We reviewed 463 CT-guided lung biopsies performed between August 2006 and March 2010 to determine whether intervention for pneumothorax was required and patient outcome. Intervention was categorized as simple aspiration, aspiration and intrapleural blood patching, or chest tube placement and hospital admission. The technique for pleural blood patching consisted of complete pneumothorax aspiration, immediate placement of up to 15 mL of peripheral autologous blood into the pleural space, and positioning the patient in the ipsilateral decubitus position for 1 hour after the procedure.

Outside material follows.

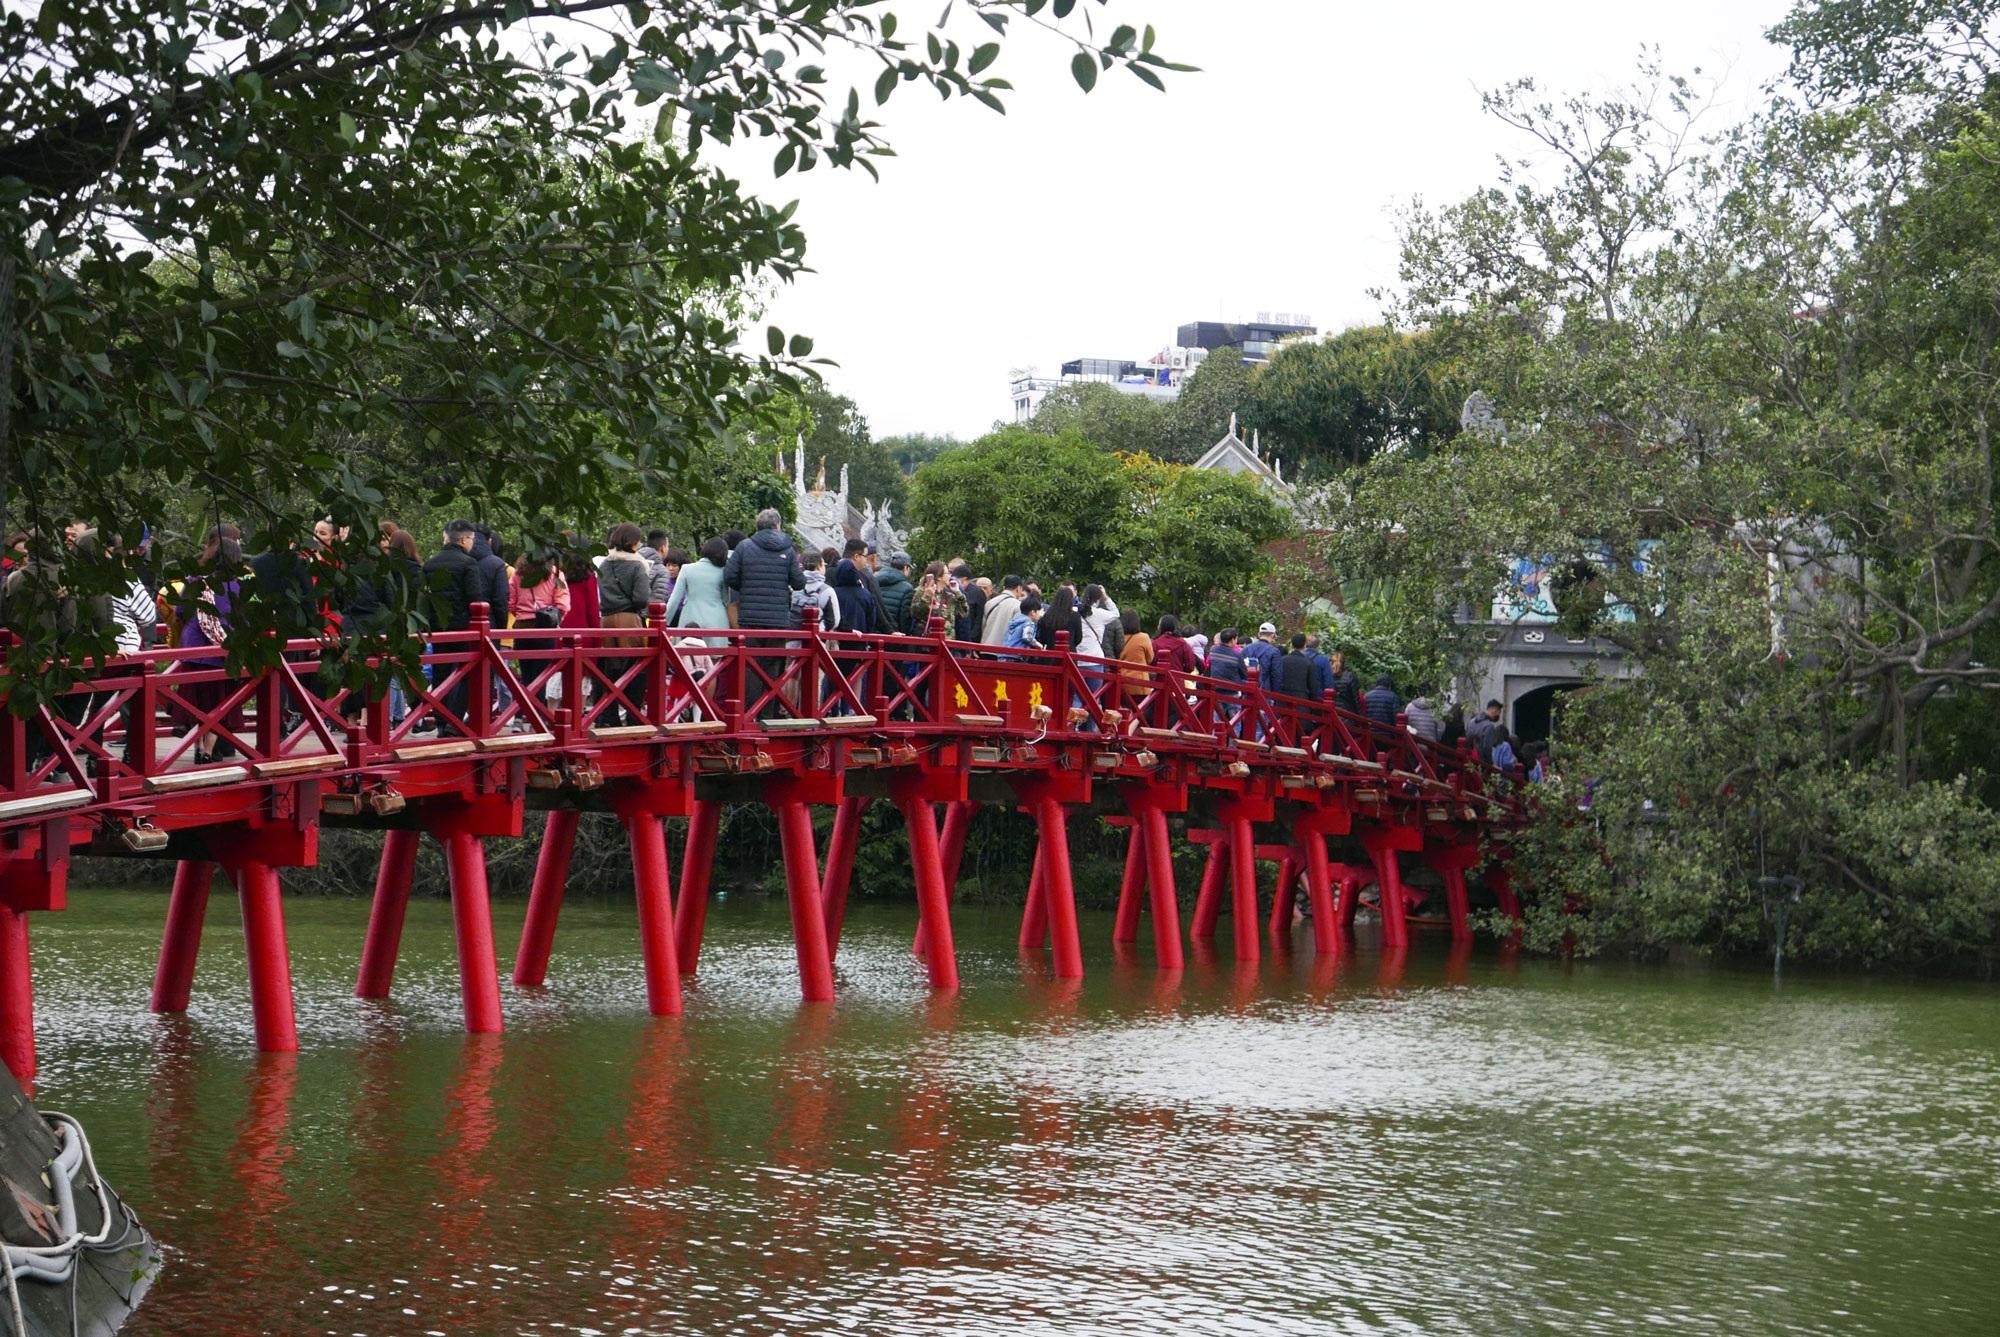 Cảnh lễ đền dưới mưa xuân tuyệt đẹp ở Hà Nội ngày mùng 1 Tết - 2
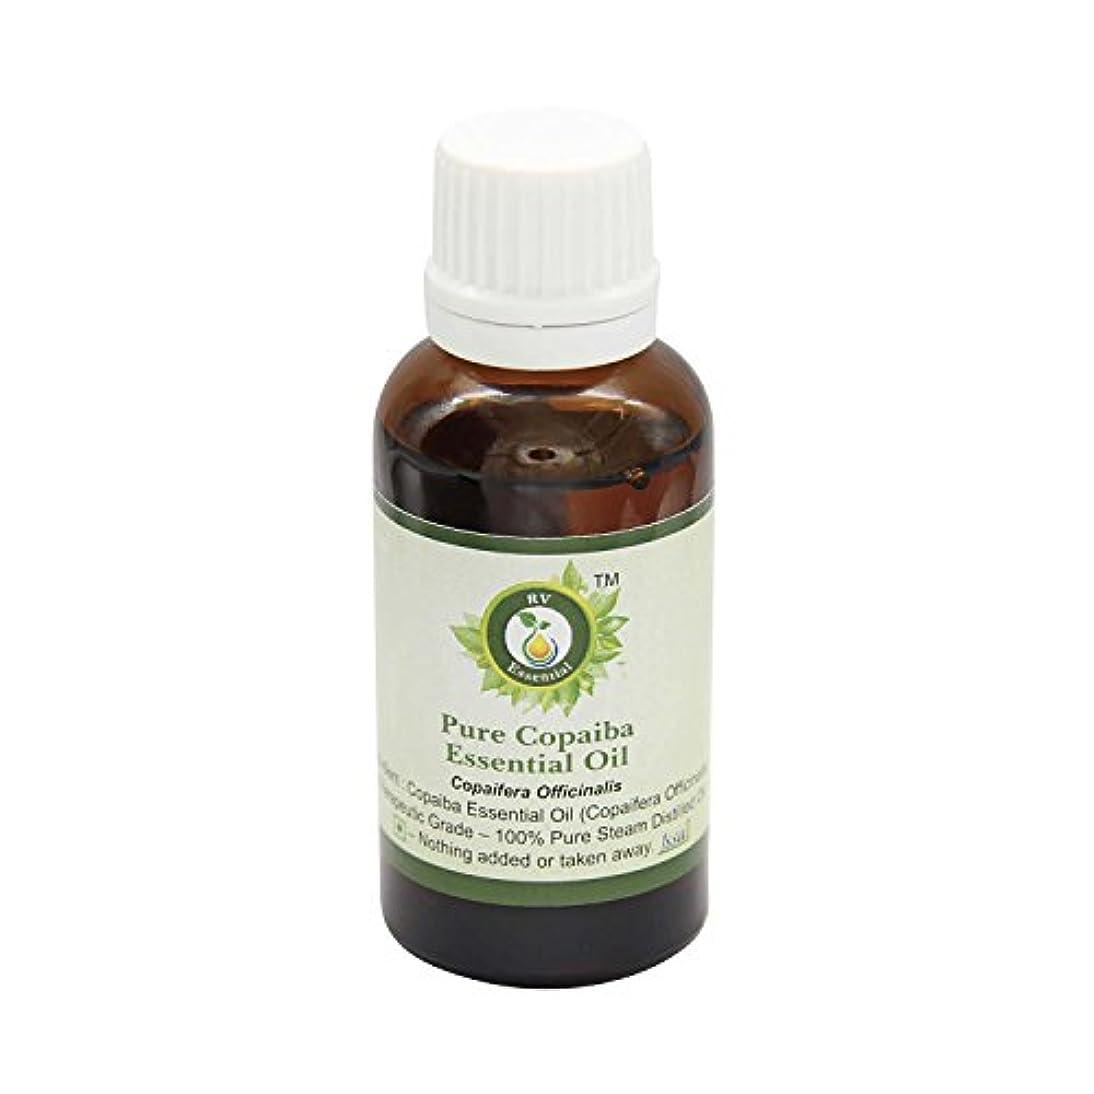 共産主義者火薬順番R V Essential ピュアコパイバエッセンシャルオイル30ml (1.01oz)- Copaifera Officinalis (100%純粋&天然スチームDistilled) Pure Copaiba Essential...

Intervention for pneumothorax was necessary in 45 of 463 patients (9.7%) and 19 of 463 patients (4.1%) required chest tube placement. Pleural blood patching as a method to treat a postbiopsy pneumothorax and avoid further intervention was associated with a significantly higher success rate than simple aspiration: 19 of 22 (86.4%) vs seven of 15 (46.7%) (odds ratio = 7.2, p = 0.03), respectively.
Aspiration with intrapleural blood patching is superior to simple aspiration to treat pneumothorax associated with CT-guided lung biopsy. Pleural blood patching reduces the need for chest tube placement and hospital admission in this patient population.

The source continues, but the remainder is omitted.